### Collected data
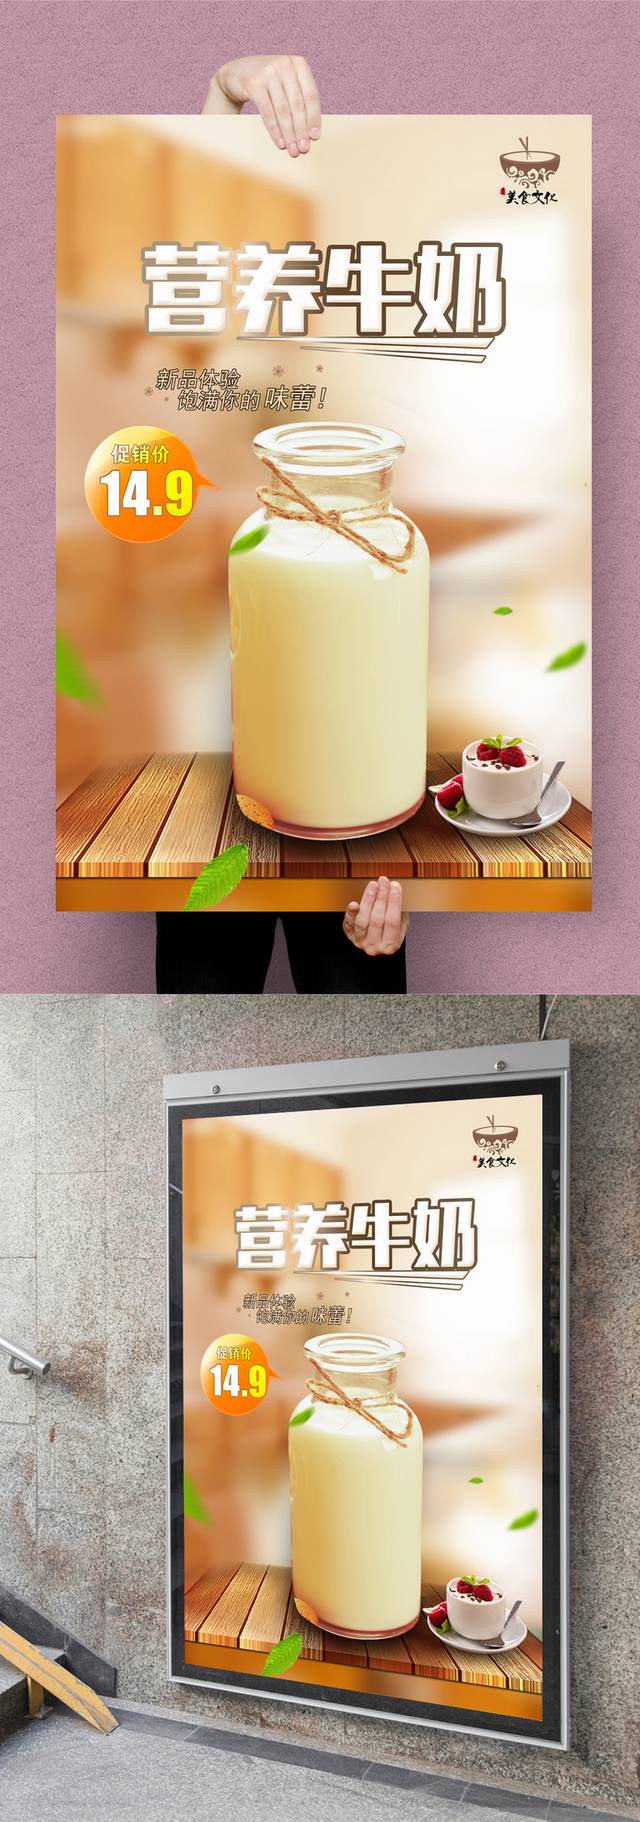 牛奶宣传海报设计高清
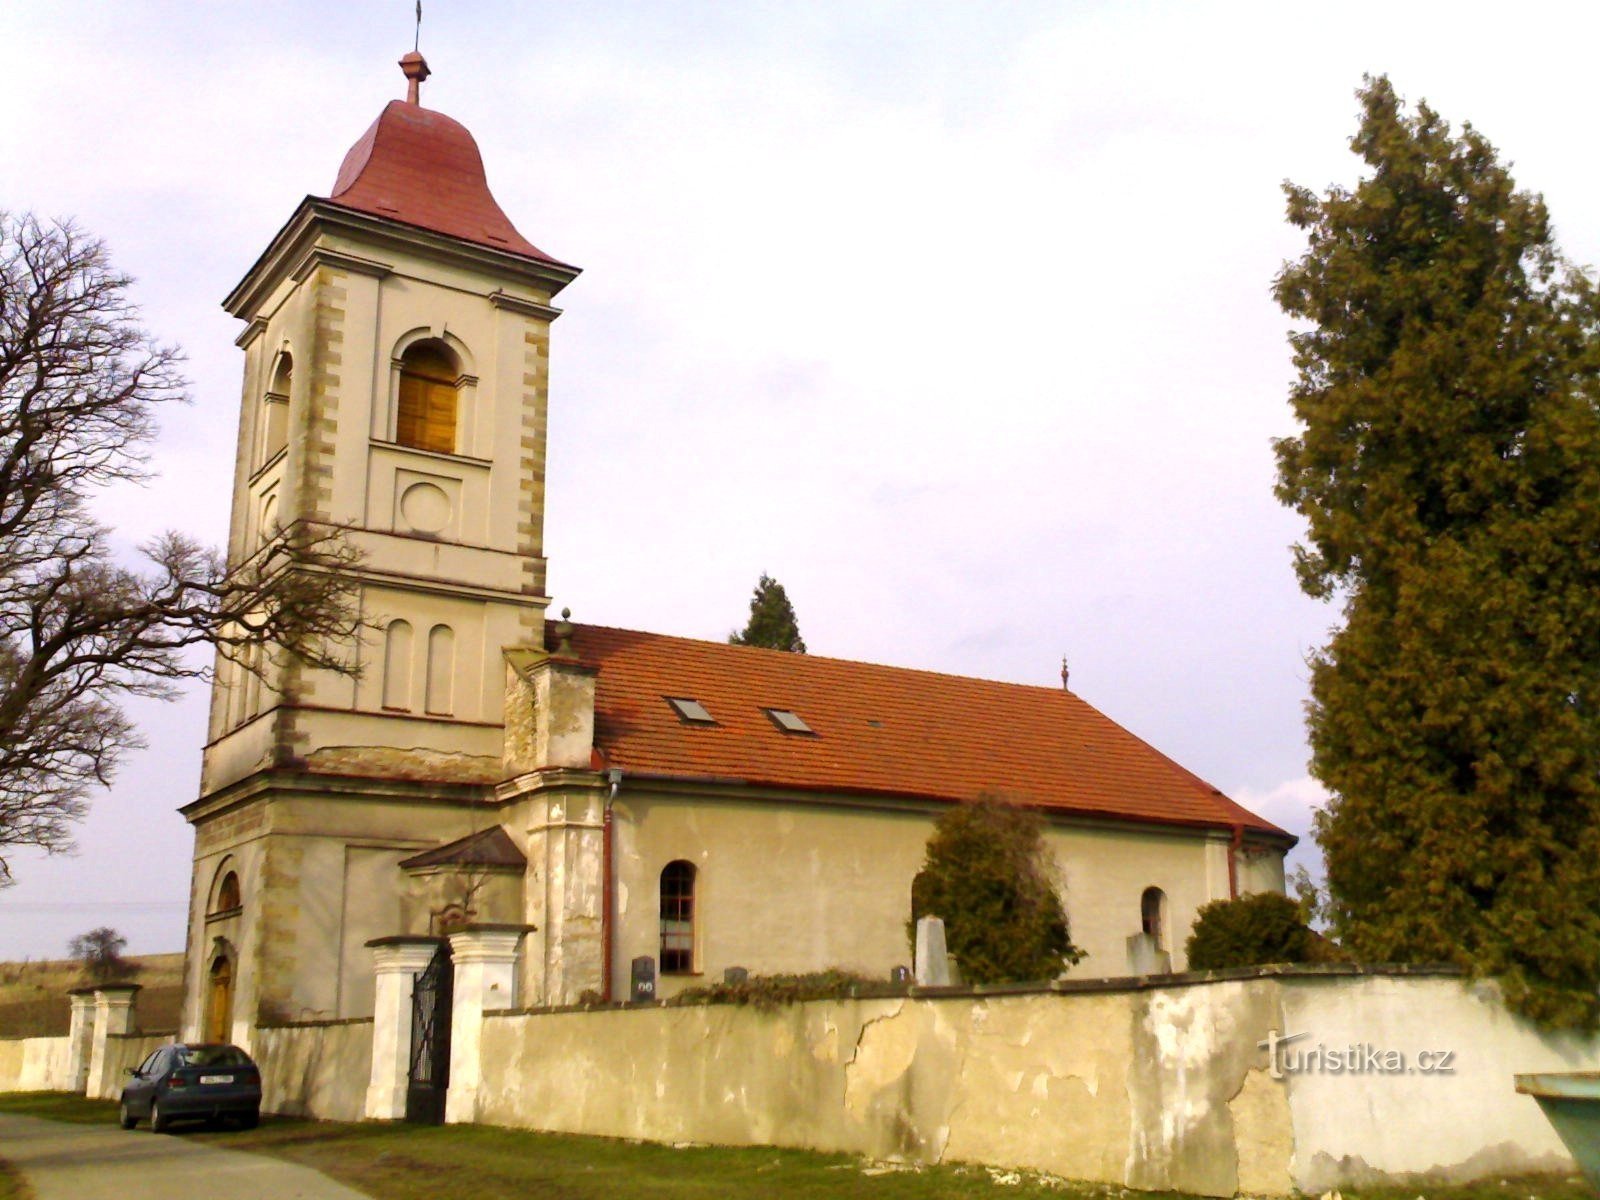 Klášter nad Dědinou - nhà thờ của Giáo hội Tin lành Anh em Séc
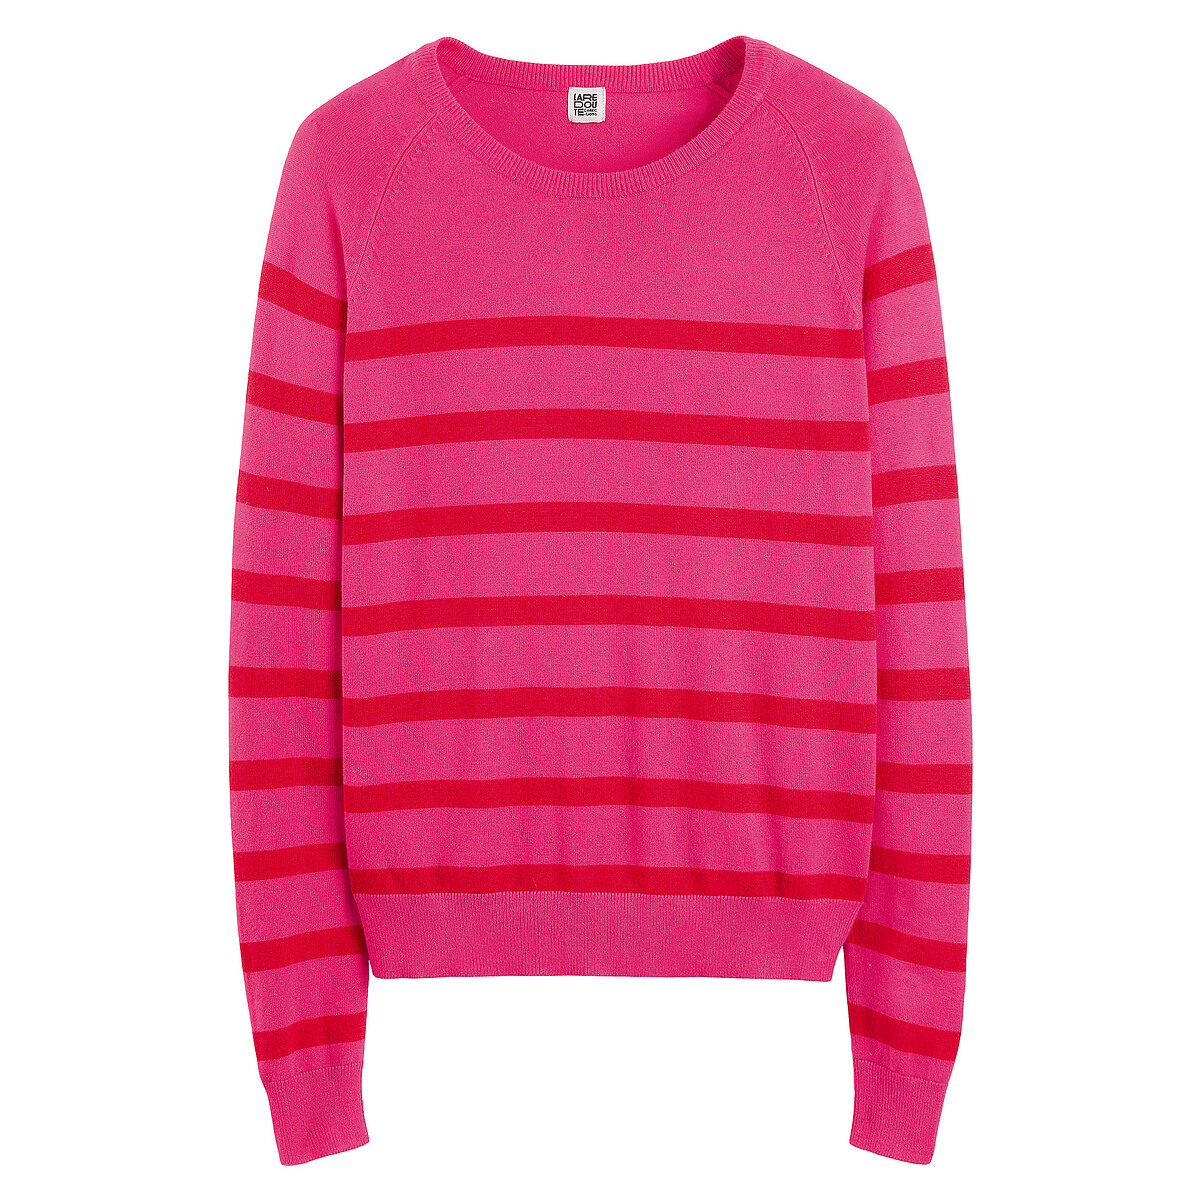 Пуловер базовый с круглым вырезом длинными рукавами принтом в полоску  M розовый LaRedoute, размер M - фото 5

### Your assignment
Your copy should match the data above exactly, apart from the pictures.

### Written reply
 牛奶宣传海报设计高清
 Klášter nad Dědinou - nhà thờ của Giáo hội Tin lành Anh em Séc
 Пуловер базовый с круглым вырезом длинными рукавами принтом в полоску  M розовый LaRedoute, размер M - фото 5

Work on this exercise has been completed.